Behavior of FRP Composite Wrapped Concrete Cylinders with Embedded Debonds

Abstract

A major application of composite materials in the reinforced concrete industry is to wrap concrete columns with Fiber Reinforced Polymer (FRP) composite fabric which results in increase in the columns’ axial compressive strength and ductility. Presence of debonds between the FRP wrap and the underlying column surface inhibits the proper confinement of the column by the composite wrap. This research studies the effect of debonds on stress-strain behavior of FRP wrapped concrete cylindrical specimens. All laboratory tests were conducted on concrete cylinders of size 6’’ x 12’’ (152.4 mm x 304.8 mm). Simulated air-filled debonds, water-filled debonds and debonds made from Teflon sheets of various sizes were placed on the concrete cylinder’s surface prior to wrapping with carbon or glass FRP fabrics. The FRP wrapped cylinders were tested to failure in compression, and the effect of debond area in terms of percentage of total area on the stresses and strains of the concrete cylinders was established.
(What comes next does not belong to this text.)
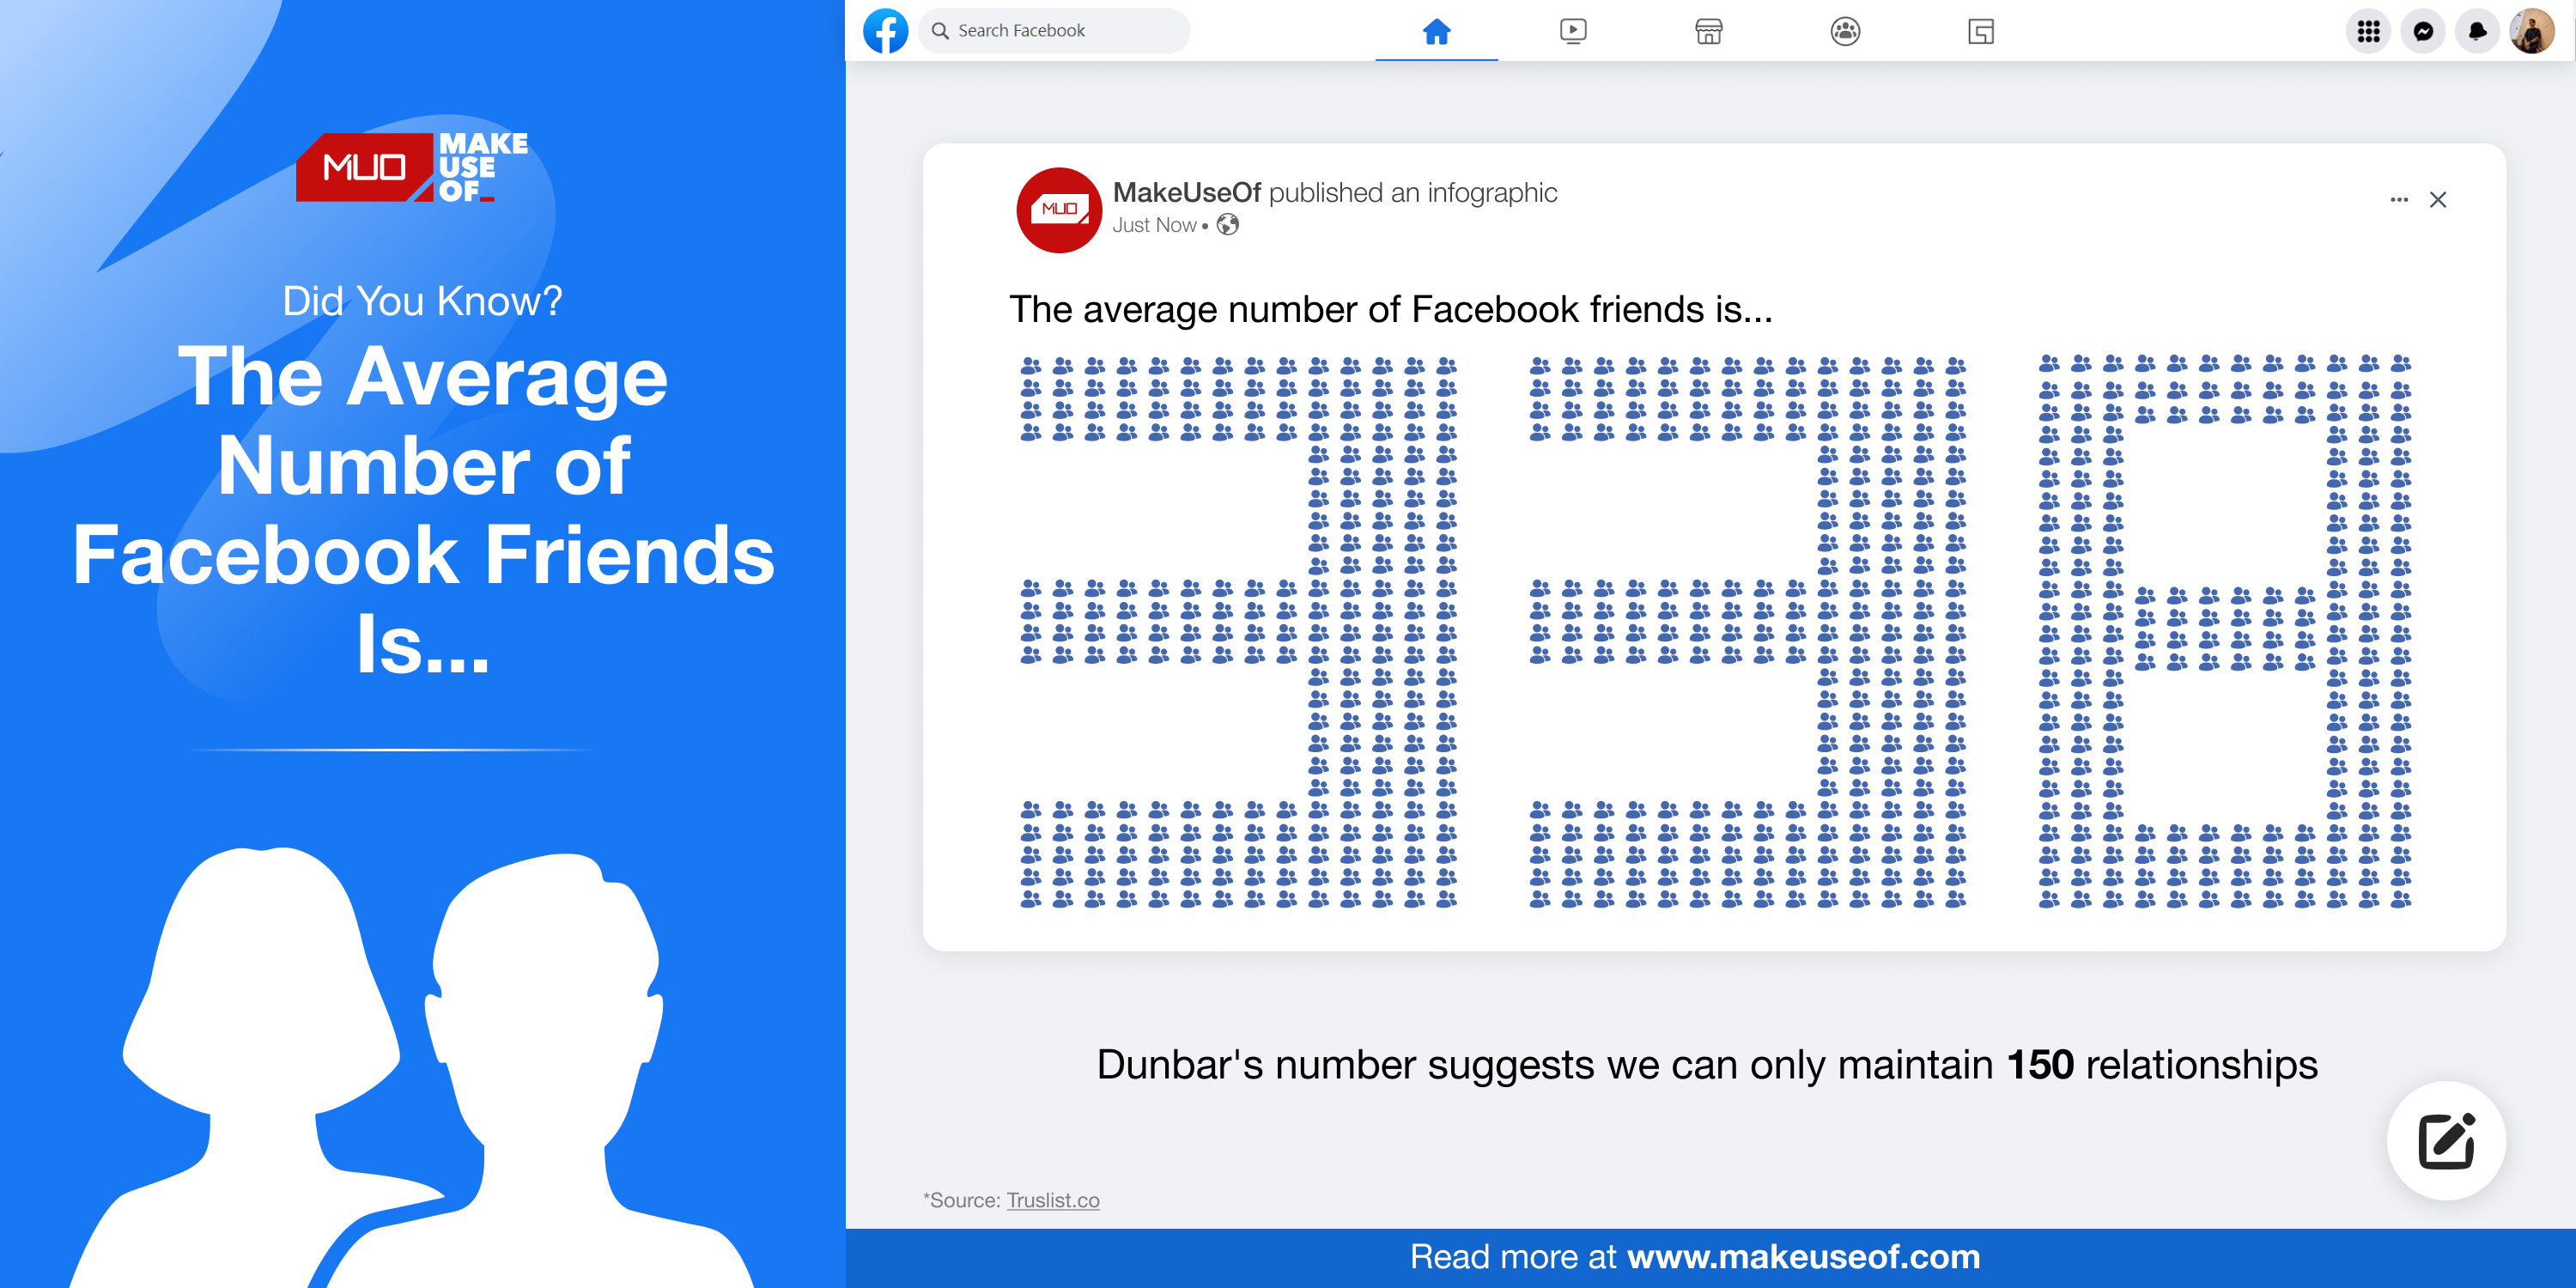 Infographic on Average Number of Facebook Friends

The results showed a significant decrease in axial compressive strength with an increase in area of debonds, and appropriate reduction factors have been proposed for use in strength computations. Both GFRP and CFRP composites were found to be effective in arresting the lateral dilation of the underlying concrete. Also, considerable ductility enhancement was evident in the FRP wrapped cylinders, particularly with CFRP composites.